We lived in a north St. Louis shotgun apartment, with my parents’ bedroom between the living room and kitchen. The Bride Doll had a place of honor on my parents’ bed.

And she sorta became my mom’s doll. Nameless, she became a decorator item, sitting against a pillow on the white chenille bedspread. Even after we moved to south St. Louis and their bedroom was upstairs, Mom put out the Bride Doll on special occasions–Christmases maybe? The Bride Doll finally got permanently stored away.

When I turned 50 (or thereabouts), my mom decided to let me have the Bride Doll. Mom fixed her hair, made her a faux-pearl headband to replace the disintegrated veil, and did some research. “It’s a Madame Alexander doll,” she told me. “A very good doll.”

The Bride Doll, today, 65 years old

Madame Alexander, indeed. Dressed in a gently yellowing satin and organza gown, she is 18-inches tall, a hard plastic “walker,” with jointed hips and shoulders and a head that rotates.
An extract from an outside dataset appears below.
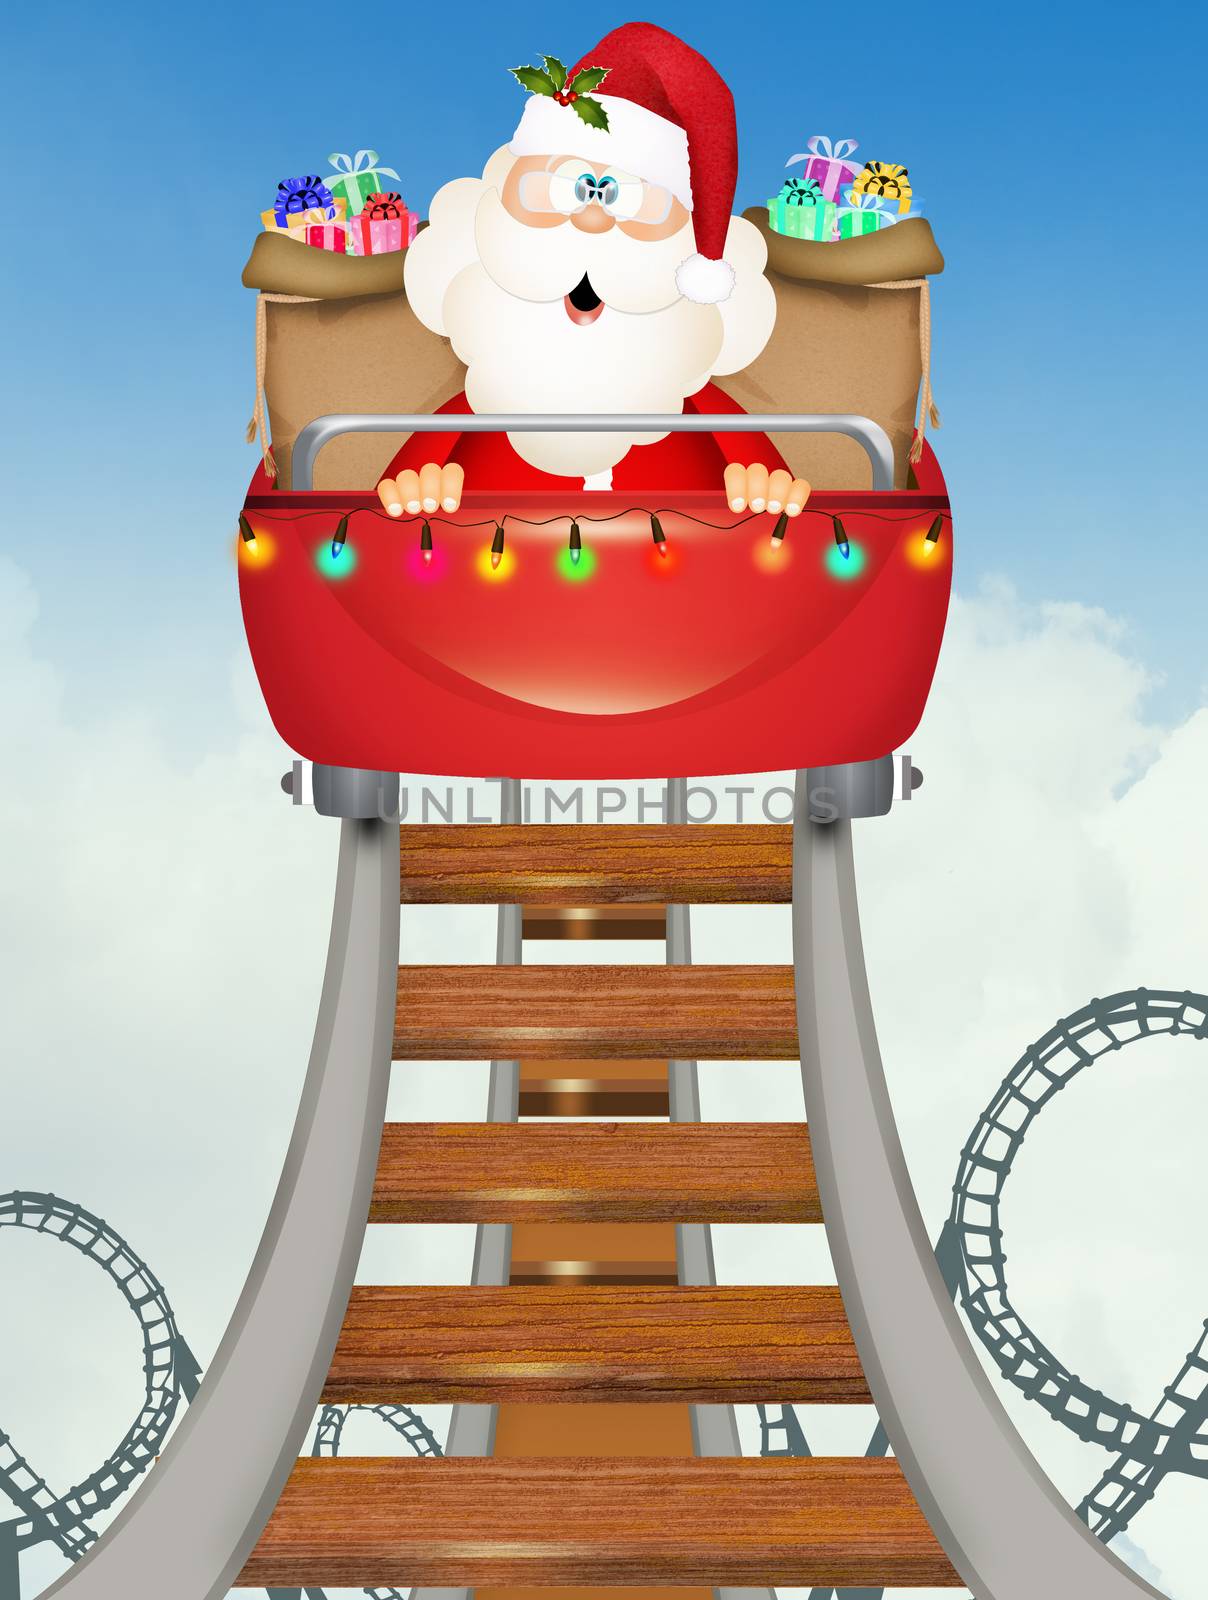 Santa Claus on roller coaster by adrenalina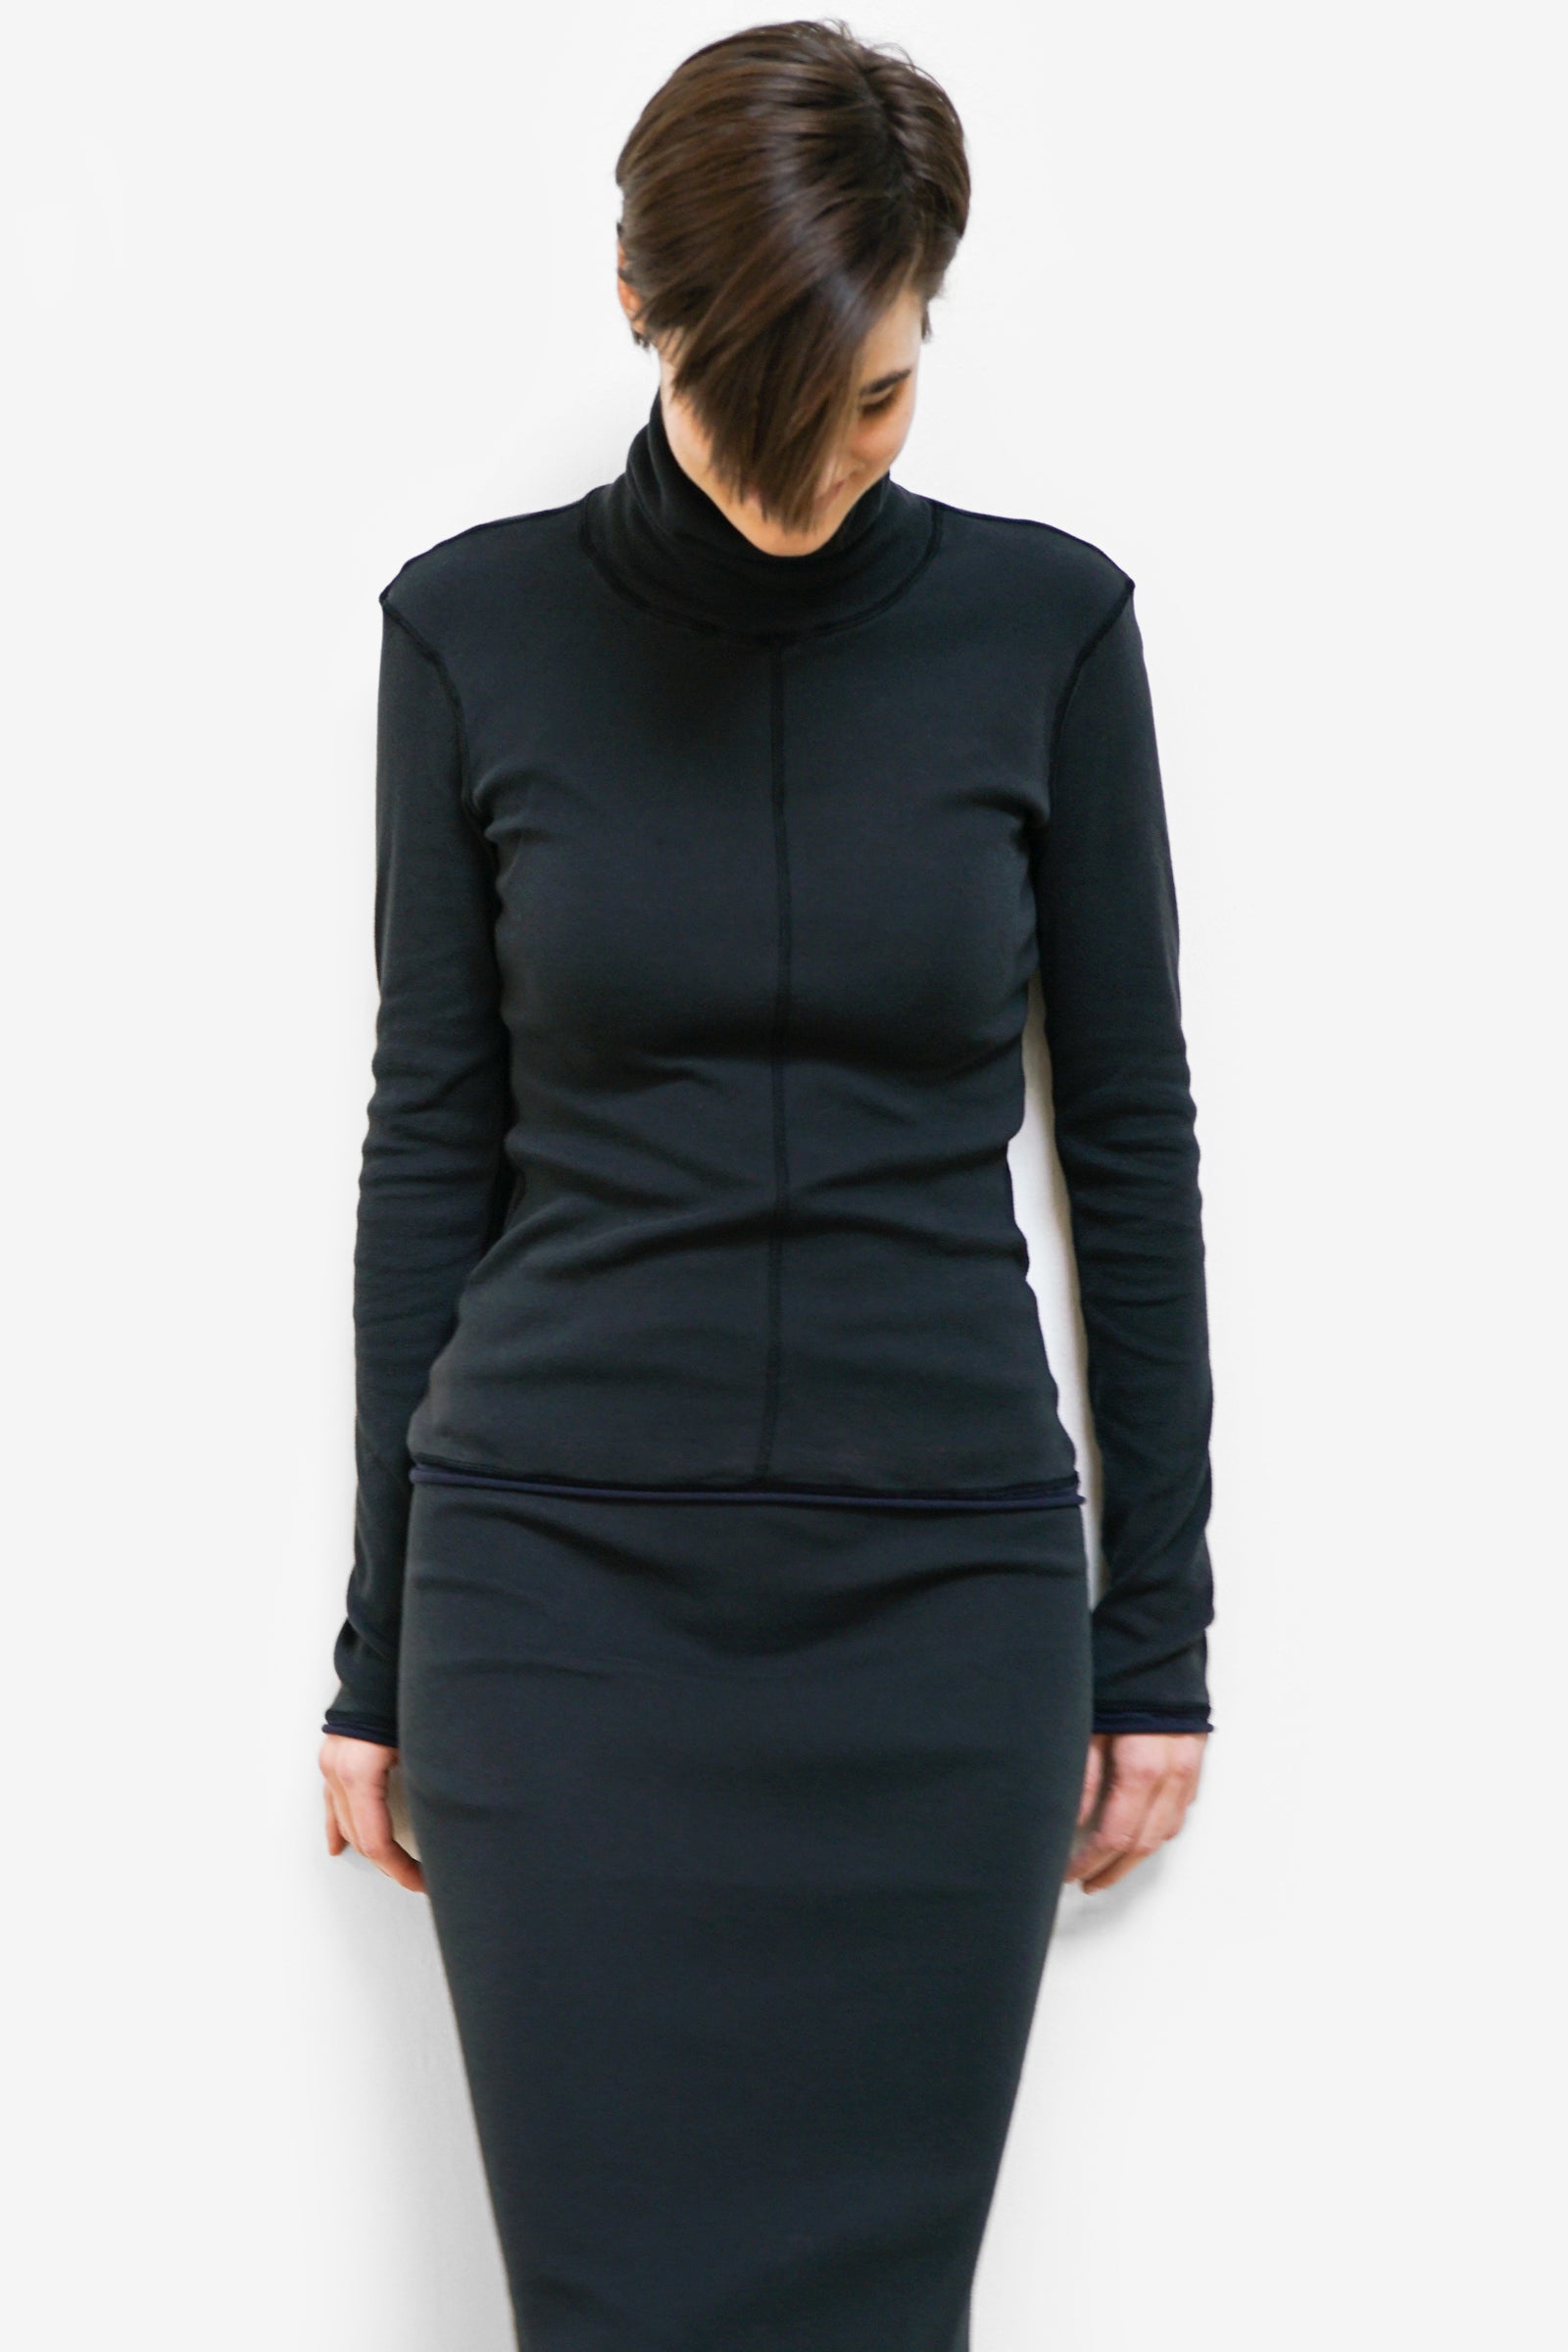 Model for Alabama Chanin organic cotton womens black rib turtleneck with long sleeves

Her inset glass eyes are heavily lashed and they “sleep” when she lies down. Her hair is a netted wig made of shiny, auburn saran. She is flat-chested and wearing Mary Jane flats, so is more of a little girl having a bridal fantasy. She is still lovely.

She is more sentimental than valuable–an visible memory shared by my mother and me for 65 years now. I can’t help wondering what will happen to her.

2 Replies to “The Bride Doll”

  1. This must have been a “thing.” I received a bride doll for Christmas when I was 6-7. She was larger than my utility doll who were mostly deployed in play with other girls, and who had winsome little outfits. (Pre Barbie.). My mother crafted her beautiful satin gown from what was recognizably one of her own lacy slips. She was neither decor nor toy, neither a child or an adult – more like a generalized oracle of my expected future.

    I still have my everyday dolls, but I have no idea what happened to my bride doll. An oracular pronouncement, unfulfilled.


  2. I didn’t have a bride doll, but I had one “Madame Alexander” doll. Only about 8 inches tall. My mom worked for a time in the most wonderful store, called The Jodo Gift Shop. It was full of beautiful toys and other small gifts …. we were always told when entering, “Don’t touch anything”! My mom was afraid that if we touched something, and it fell, we would have to pay for it. And we couldn’t afford that! The Jodo Gift Shop had a large array of Madame Alexander dolls. They had such beautiful innocent girl faces, I just loved them all. It just comes to mind, my mom bought me a sleepy doll there…a small soft doll made out of satin I think, with it’s eyes closed and however you put it down it looked like it fell asleep. I loved that precious toy. Thanks for the memories!